Stoperlerimize gelince Kjaer ve Skrtel defansif olarak çok iyiler, en ufak bir lafım yok ama topu oyuna sokmada herhangi bir artılarını görmedim ben şu ana kadar. Driplingle çıkmaları ya da ekstra bir uzun topla forvetlerini pozisyona sokmaları da sözkonusu değil. Hiç olmazsa pas trafiğini hızlandırmalarını bekliyorum ama o da yok, dolayısıyla Fenerbahçe’nin ”yavaş” oyununda onların da payı var.
Ama eğer ”yetenek eksikliği” ise ana konumuz o zaman ilk bakmamız gereken mevki orta sahamız. Öyle bir üçlü ile oynuyoruz ki Topal-Jozef-Ozan’dan oluşan, ne desem bilemiyorum. Fenerbahçe tarihinde bu kadar yaratıcılıktan uzak bir orta saha üçlüsü oynamış mıdır bilemiyorum.Üçü de iyi mücadele ediyor, defansif olarak görevlerini fazlasıyla yerine getiriyorlar ama hücuma katkıları duran top hariç son derece sınırlı. Örneğin size soruyorum Appiah’lar Aurelio’lar daha az mı mücadele ediyorlardı? Hayır, tam aksine rakibe nefes aldırmıyorlardı ama bunun yanında dirplingleriyle, paslarıyla, şutlarıyla hücuma müthiş katkı veriyorlardı.
Jozef’e bakıyorum. Belki ligin en fazla top kapan oyuncusu. İstatistikleri bilmiyorum ama listede kesin en üst sıralardadır. Diğer taraftan bakıyorum, topu stop etmeye çalışıyor, top 10 metre öteye düşüyor. Etrafında basan, bozan adam yokken şut çekiyor, top taca gidiyor. Kusura bakma güzel kardeşim ama bu özelliklerinle Fenerbahçe’de çift yönlü orta saha oynamaman gerekir. Bak son 15 dakika Topal stopere geçince Jozef 6 numara pozisyonunu aldı. Hiç hatasız oynadı.Neden? Çünkü ondan ofansif bir beklenti kalmadı. Aynısı Ozan için de geçerli. Bu çocuktan böylesine ofansif katkı almayı beklersek Ozan’a kötülük yaparız. Taraftarın gözünde iyice sevimsiz hale gelir. Gerekirse sakatlanan Kjaer yerine (Neustaedter’i oynatacağıma) daha önce Bursa ve milli takımda da zaman zaman oynadığı gibi stoper oynatırım haftaya .Hatta üstüste maç temposunu kaldıramayan Şener’in yerine sağ bek oynatırım ama şu anda oynadığı pozisyonda orta saha oynatmam.
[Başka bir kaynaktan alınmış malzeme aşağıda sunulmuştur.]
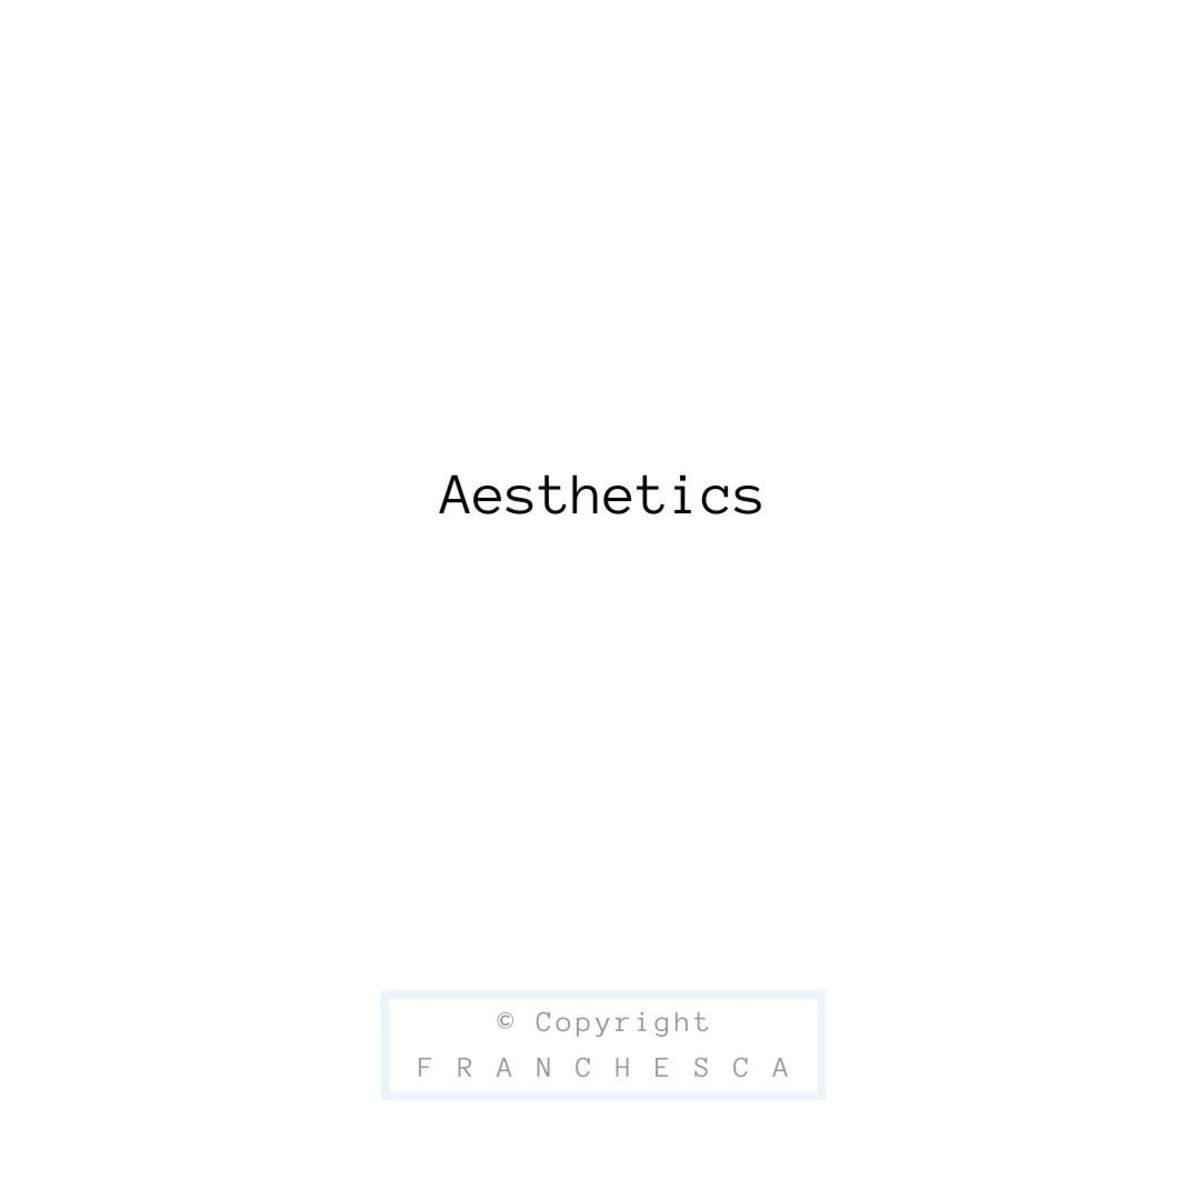 131st Article: Aesthetics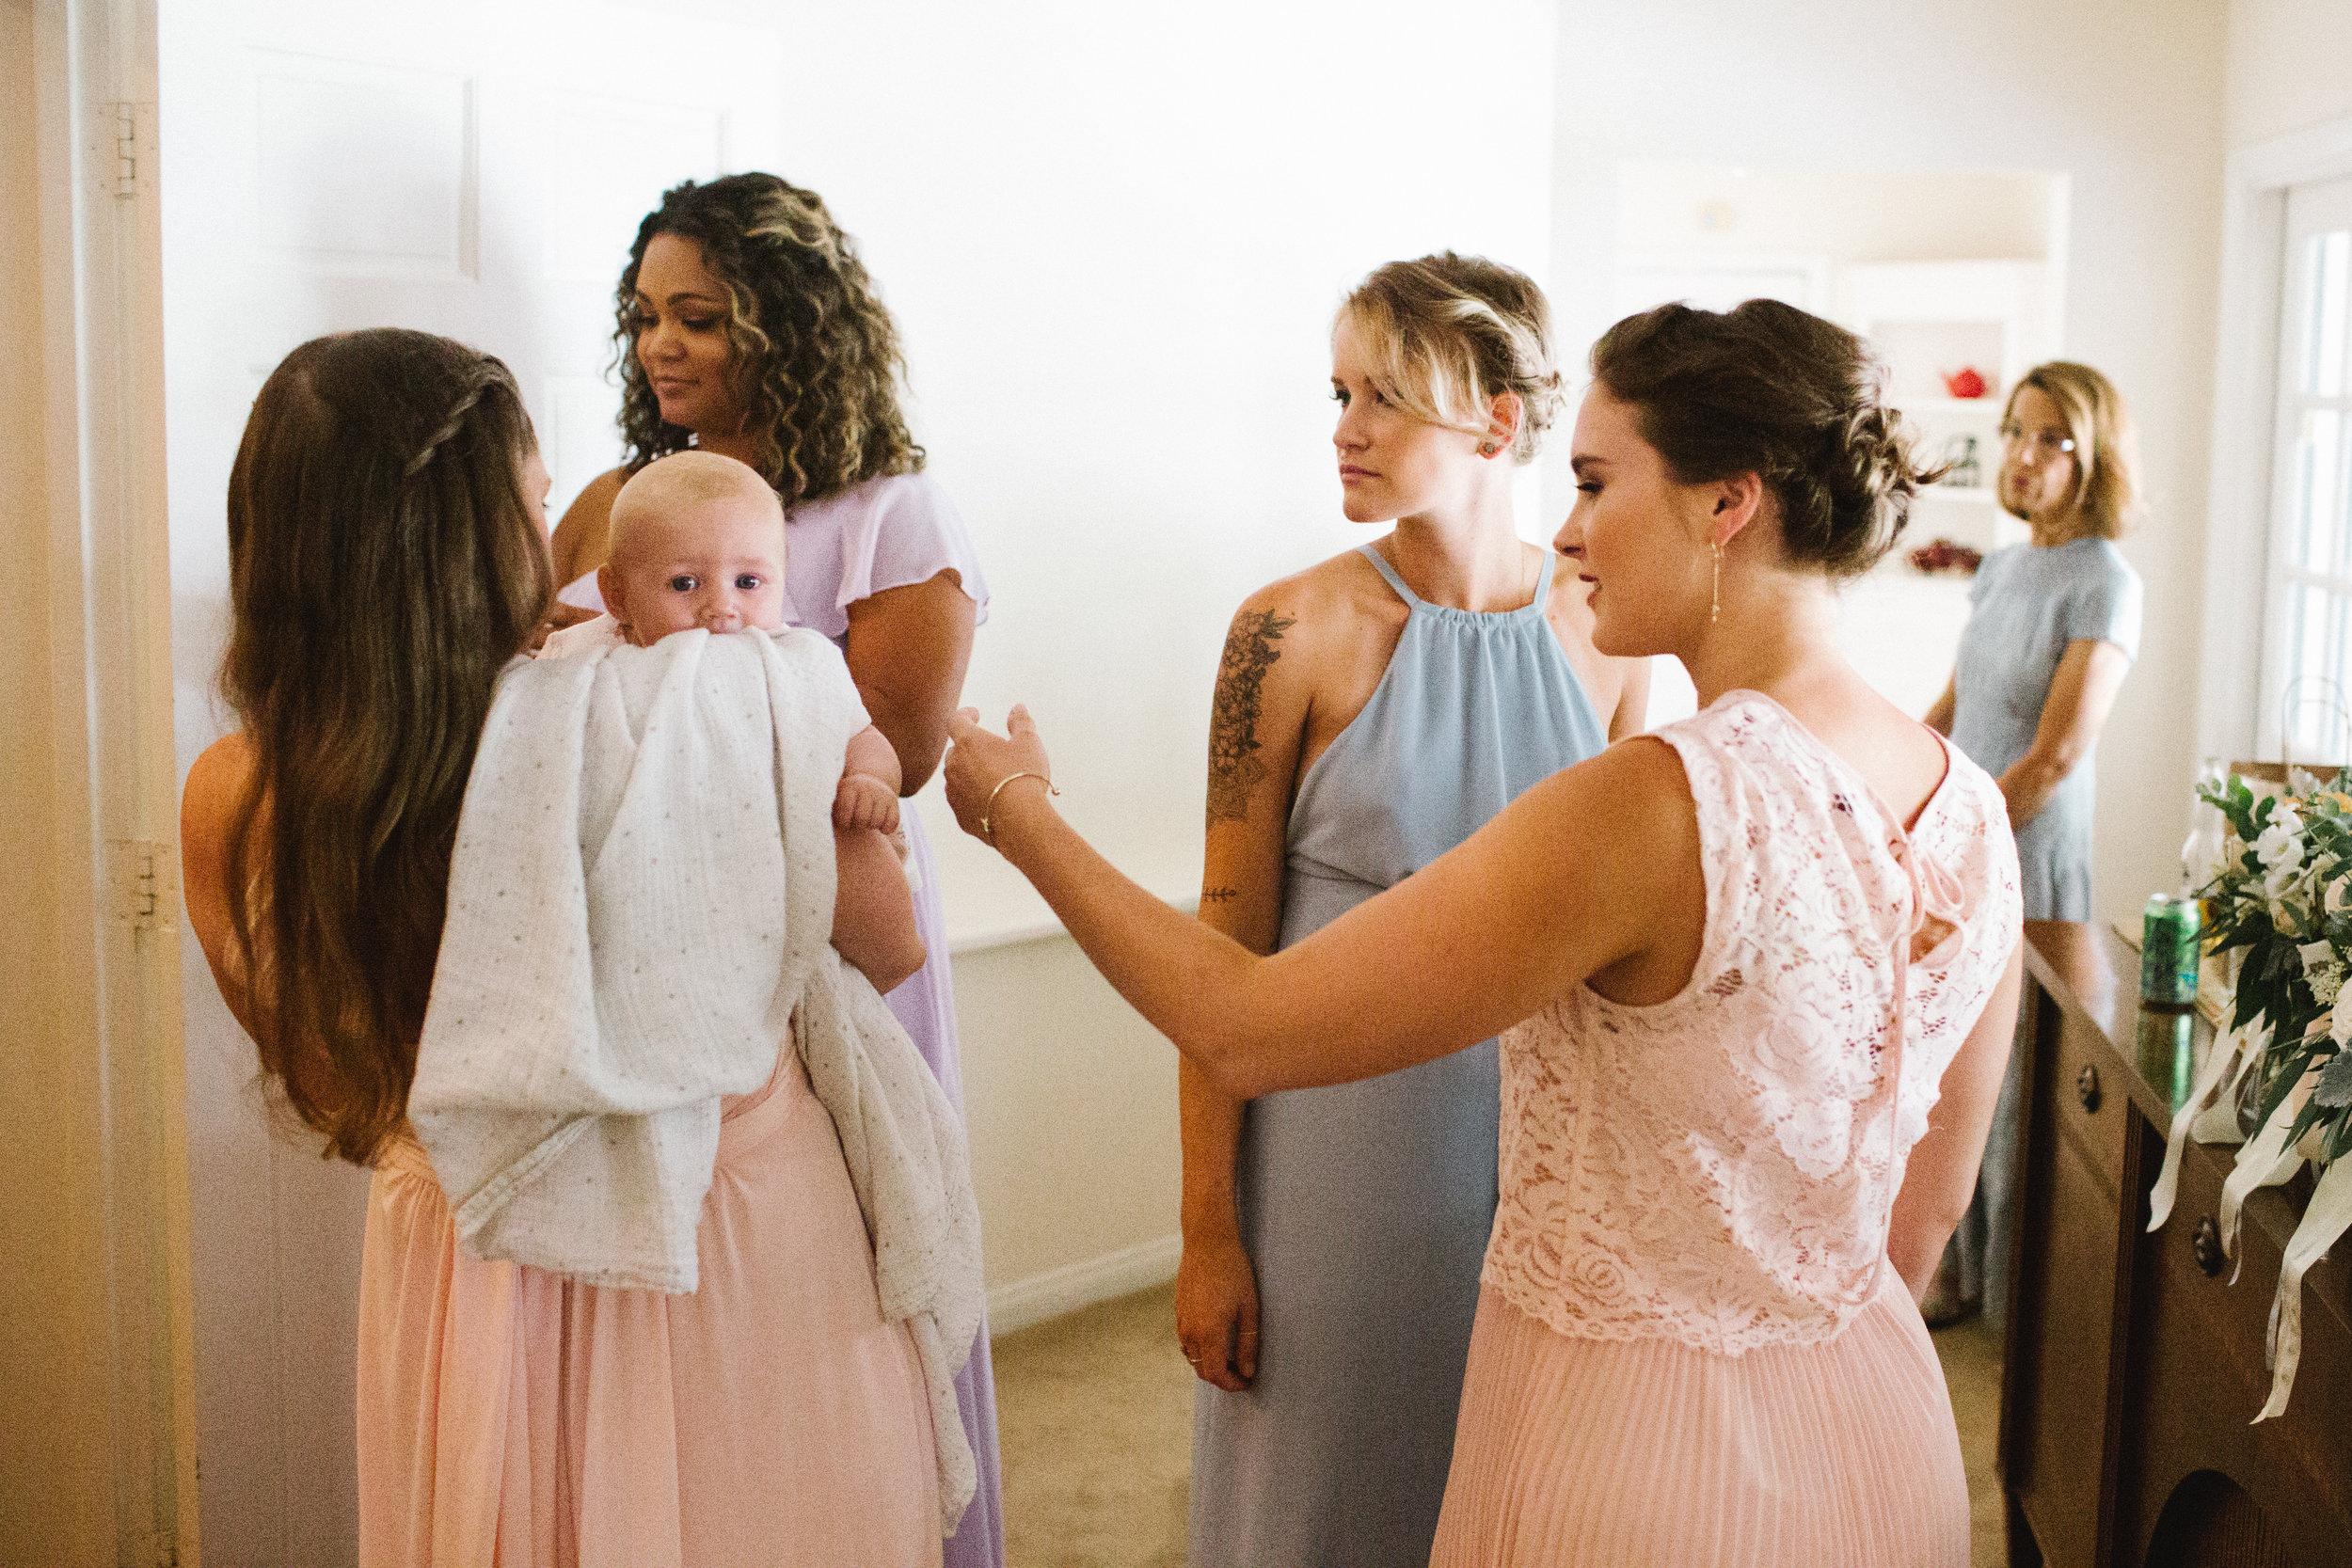 Babies_at_a_Wedding

Bu üçlü ile ilgili sıkıntımız zaten Fenerbahçe’nin ana sıkıntısı. Tüm problemin odağında yanlış kadro mühendisliğimiz yatıyor. Biz geçen sezon en az ihtiyacımız olan mevkiye, Mehmet Topal’ın pozisyonuna önce 8 milyon euro verip Jozef’i aldık. O da yetmezmiş gibi sırf Beşiktaş almasın diye bir de Ozan Tufan’ı aynı paraya transfer ettik. Sonra da bu üç oyuncudan orta saha yaratmaya çalıştık. Yönetimimiz sağolsun görevini yerine getirip doğru kadro mühendisliği yapacağına, tribün mühendisliği yapmayı tercih etti. Sonuçta -üzülerek söylüyorum – hem kadronun hem de tribünlerin içine etti.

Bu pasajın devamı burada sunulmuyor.